Como as acusações que foram feitas contra Sócrates eram baseadas em interesses de seus acusadores, ele, valendo-se da verdade, não teve dificuldade em refutá-las, mostrando os pontos onde eram falhas e não condiziam com a realidade. Em seu discurso, Sócrates mostrou que tudo o que fazia era para o bem do povo ateniense, que sua ocupação era a de fazer outras pessoas também serem sábias e que, por este serviço, não cobrava nada, diferentemente do que o acusavam.
Sócrates, quando soube da resposta que o oráculo dera à pergunta de Querefonte, ficou muito intrigado, pois não se considerava sábio, e então passou a ir atrás dos mais sábios dentre os políticos, os poetas e os artesãos, para saber por qual motivo deus, através do oráculo, o considerava o homem mais sábio. Esta questão foi a que levou a cabo durante o restante de sua vida e, mesmo quando descobriu a resposta, percebeu que a melhor coisa a se fazer era continuar sendo como sempre foi, reconhecendo que nunca se sabe o suficiente sobre qualquer coisa, e que, aquele que sabe, é o que conhece os limites de seu conhecimento.
Esta busca de Sócrates por tentar entender o que deus, através do oráculo, estava lhe dizendo, era para ele prova suficiente de que não só aceitava os deuses reconhecidos pelo Estado, como também acreditava em suas formas de manifestação. Em sua defesa ele diz aos cidadãos: "Acredito nos deuses mais do que qualquer um dos meus acusadores, e deixo a vosso critério, e ao do deus, julgar o que será para vós e para mim o melhor" (Platão, p.88).
Quanto à acusação de que Sócrates corrompe os jovens, para se defender, ele parte do ponto de questionar Meleto (um de seus acusadores), sobre o que este sabe sobre o que é corromper e o que é educar. Meleto então fica calado, porque obviamente não tem uma boa resposta para estas questões. Neste caso, mais uma vez Sócrates se utilizou do tipo de questionamento que enfurece seus inimigos, que tira do indivíduo os véus da aparência e mostra sua verdadeira face.
Sócrates mostra que ao contrário, suas ações visam o melhor para o povo, e que sua forma de abordagem faz com que as pessoas pensem sobre suas próprias condições. Já os jovens o procuram porque vêem nele realmente um sábio, e se alguns desses jovens venham posteriormente a se tornarem déspotas, não foi por sua culpa, visto que não prometeu a ninguém que lhes ia ensinar coisa alguma, seu ato foi apenas o de questionar os conhecimentos e atitudes e, cabe ao jovem tomar suas decisões.
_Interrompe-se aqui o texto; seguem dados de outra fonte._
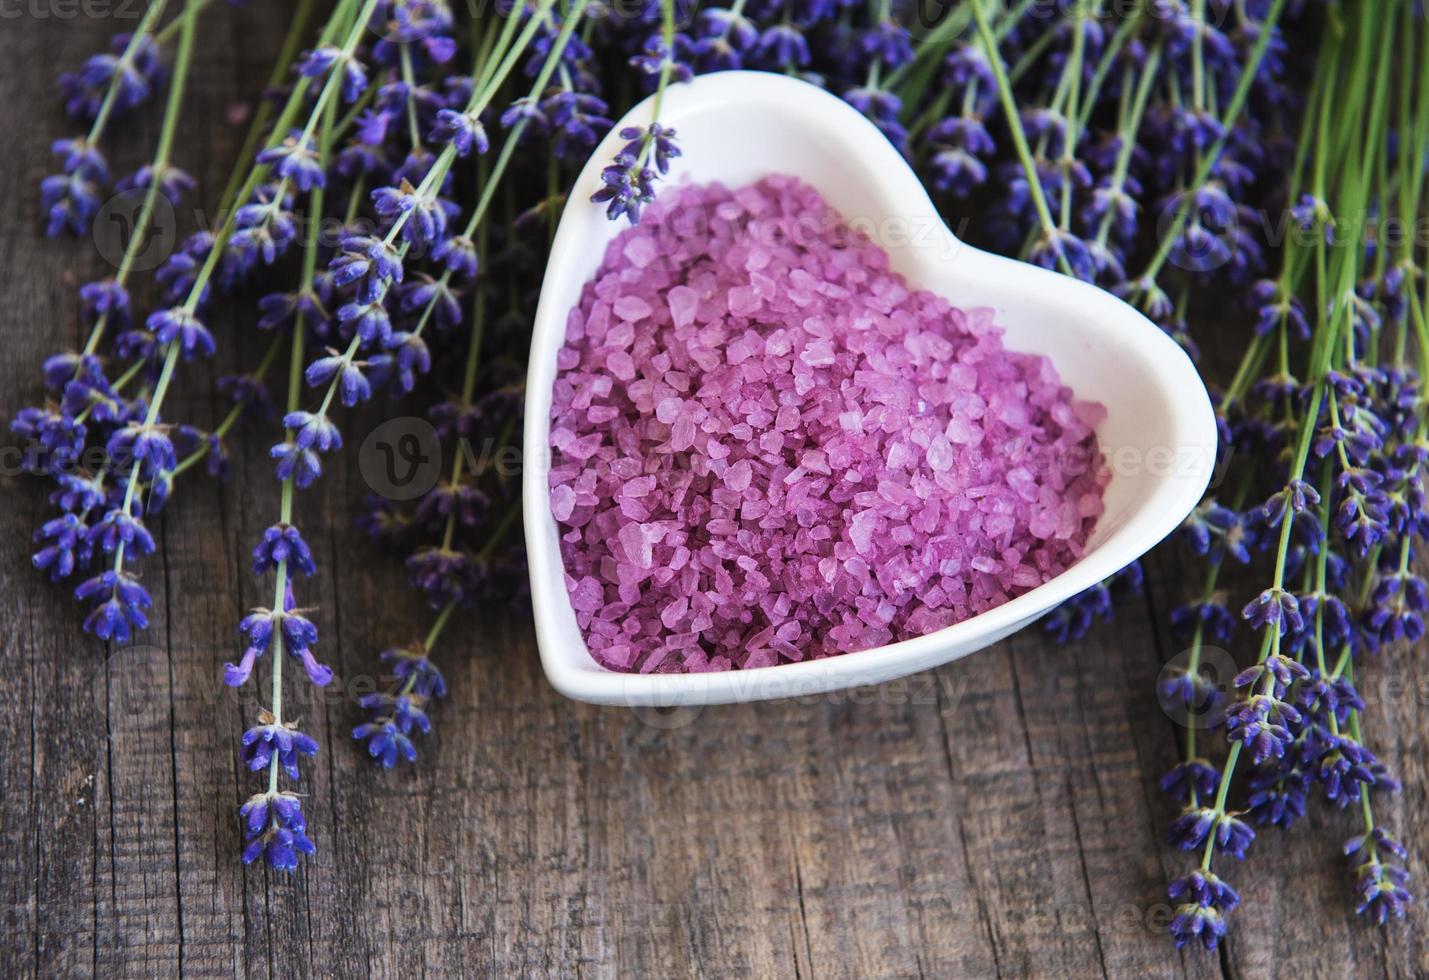 hartvormige kom met zeezout en verse lavendelbloemen foto
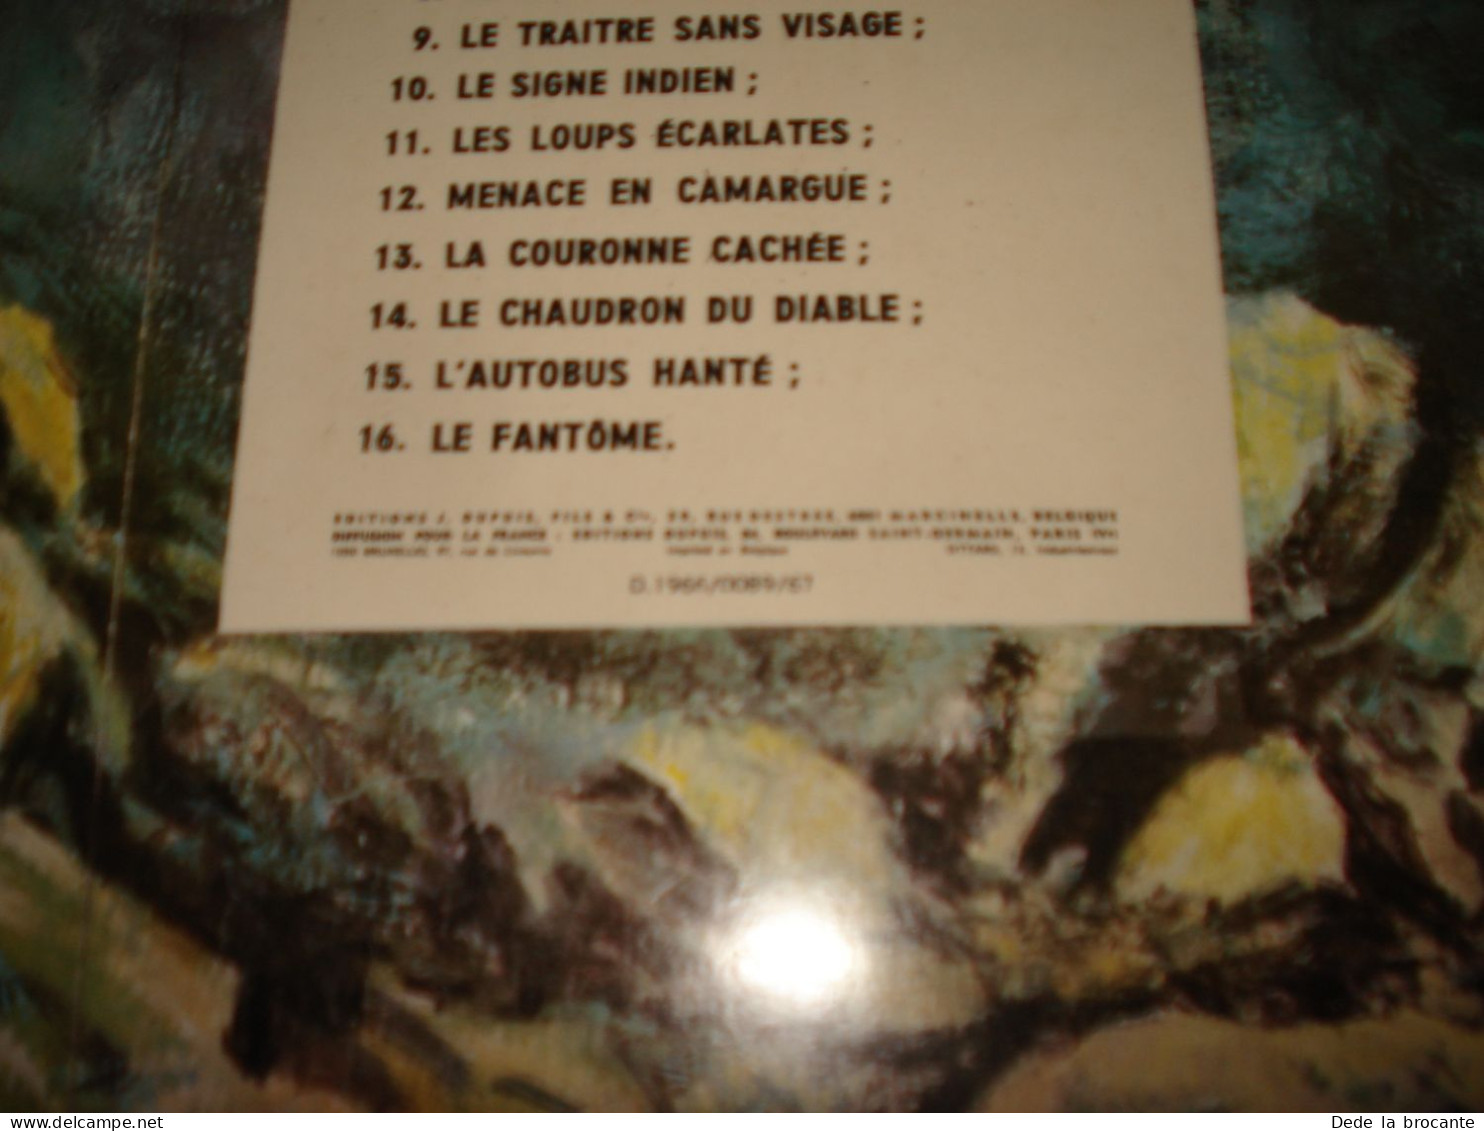 C54 (1) / Patrouille des castors 14 " Le chaudron du diable " réédition de 1971

"Por conseguinte, se entre os homens que me freqüentam, um se torne de boa formação moral ou não, não será justo que eu receba elogios ou impropérios, já que não prometi ensinamento algum a ninguém, nem nunca ensinei coisa alguma" (Platão, p.86).

A preocupação dos acusadores para com os jovens, se deve ao fato de que eles, aprendendo com Sócrates a questionar os políticos e poderosos, também estavam causando problemas com os mesmos. Desta forma, Sócrates admite que se lhe concedessem a liberdade, continuaria a agir da maneira que acreditava ser a correta, a mesma que aborrecia a tantos outros na cidade:

"Ó atenienses, eu vos amo, mas obedecerei primeiro ao deus do que a vós, e enquanto tiver ânimo, e enquanto for capaz, não pararei de filosofar, não pararei de estimular-vos e censurar-vos; e a quem quer que eu encontrasse de vós, em qualquer ocasião, conversando da minha maneira habitual, assim diria: É tu, que és o melhor dos homens; tu, ateniense, cidadão da maior cidade e mais célebre por sabedoria e poder, não te envergonhas de pensar em acumular o máximo de riquezas, fama, e honras, sem te preocupar em cuidar da inteligência, da verdade e da tua alma, para que se tornem tão boas quanto possível?" (Platão, p.82).

Mesmo com todos os seus bons argumentos, Sócrates é condenado à morte. Ele fica, de certa forma surpreso, porque esperava que a grande maioria fosse condená-lo. Mas a diferença de votos entre os juízes que o condenaram e os que os absolveram foi pequena, o que prova que sua auto-defesa serviu para convencer uma boa parte dos que o iriam condenar a rever suas posições. Mesmo assim a pena havia sido declarada e ele devia beber a cicuta. Quanto à morte ele diz:

"Com efeito, atenienses, recear a morte não passa de julgar ser sábio e não sê-lo, dado que significa pensar saber aquilo que não se sabe. E, em verdade, ninguém sabe se, por acaso, ela não seja o maior de todos os bens que podem ser dados ao homem e, contudo, receiam-na como se soubessem que ela é a maior das desgraças. E não é ignorância, a mais vergonhosa das ignorâncias, acreditar saber o que não se sabe?" (Platão, p.81).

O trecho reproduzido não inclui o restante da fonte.